= Jack Allen (Canadian politician) =

Canadian politician

Jack Raymond Allen (1909 — February 11, 1992) was a Canadian landscape gardener and politician who served as reeve of East York, Ontario from 1957 to 1960.

=="Bayview Ghost"==
He is best known for his responsibility for the Bayview Ghost, a partially constructed apartment building and white elephant which was begun after Allen personally ordered that a building permit be issued to the developer, over the opposition of residents until public opposition to the development resulted in the municipal council overruling Allen. The council first attempted to revoke the permit and then, when that proved not to be possible, refused to extend water and sewer service to the site - resulting in construction being halted and a stand off which was not resolved for over twenty years. The controversy contributed to Allen's defeat by True Davidson in the 1960 municipal election.

==Early life==
Allen was born in East York in 1909. He was provincial flyweight boxing champion in 1932. Allen served in the Royal Canadian Air Force during World War II and then attended the Niagara Parks Commission School of Horticulture where he trained as a landscape architect. His projects included Memorial Gardens and the grounds of Sunnybrook Hospital. Allen was blamed for construction of the Bayview Ghost, which contributed to his defeat.

==Political career==
He first ran for East York's municipal council in December 1953 at the age of 34 and was elected on a platform of park development, street improvement, and improvement to the municipality's sewage and garbage disposal systems. He topped the ballot in the at large election to become vice-chairman of council, the second highest position in the township after reeve. He also served as chairman of the public works committee. He ran for reeve the next year but was defeated by incumbent Harry Simpson. Allen returned to council in mid-1955 by winning a by-election to fill a vacancy. Allen ran again for reeve in 1956, when Simpson decided not to run for re-election. He ran on a platform of preserving parkland, improving transportation, and low taxes, defeating Howard Chandler to win the position.
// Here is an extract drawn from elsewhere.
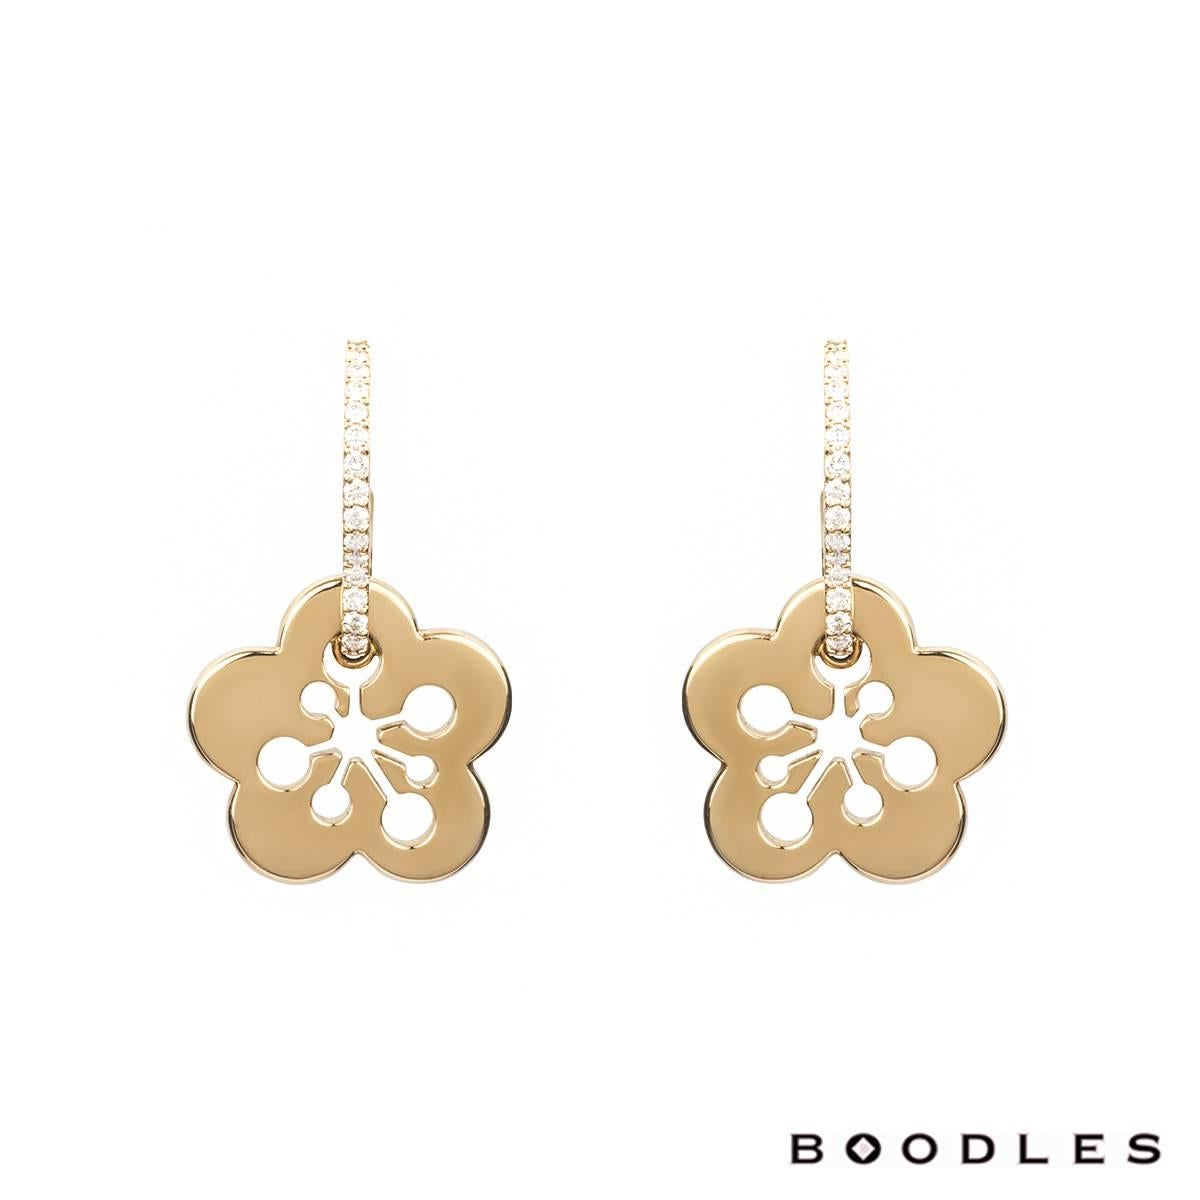 A stunning pair of 18k rose gold diamond set earrings from the Blossom collection by Boodles. The earrings are set in an open work half floral design, which is pave set with round brilliant cut diamonds totalling 0.25ct and suspended from this is a

In 1957, Reeve Allen announced a plan to extend Cosburn Avenue through Taylor-Massey Creek valley, over the opposition of conservationists. Allen pushed the scheme through the planning committee but was blocked by East York council. In 1958, the Don Valley Conservation Association advocating donating the valley lands to the Metro Region Conservation Authority as part of a green belt, but Allen argued for developing the land for apartment buildings, calling the conservationists "a bunch of birdwatchers who don't know what they're meddling in." Allen was re-elected as reeve in the 1958 election that also saw several anti-development councillors elected, leading to conflicts over development, including the Bayview Ghost controversy.

True Davidson, then a councillor with a background in the Co-operative Commonwealth Federation, was persuaded to challenge Allen for the reeveship by ratepayers groups and conservationists. In the 1960 election, Davidson defeated Allen by more than 1,600 votes with a record voter turnout.

In 1960, he proposed that a stadium be built on the Railway Lands, where the Rogers Centre is now located.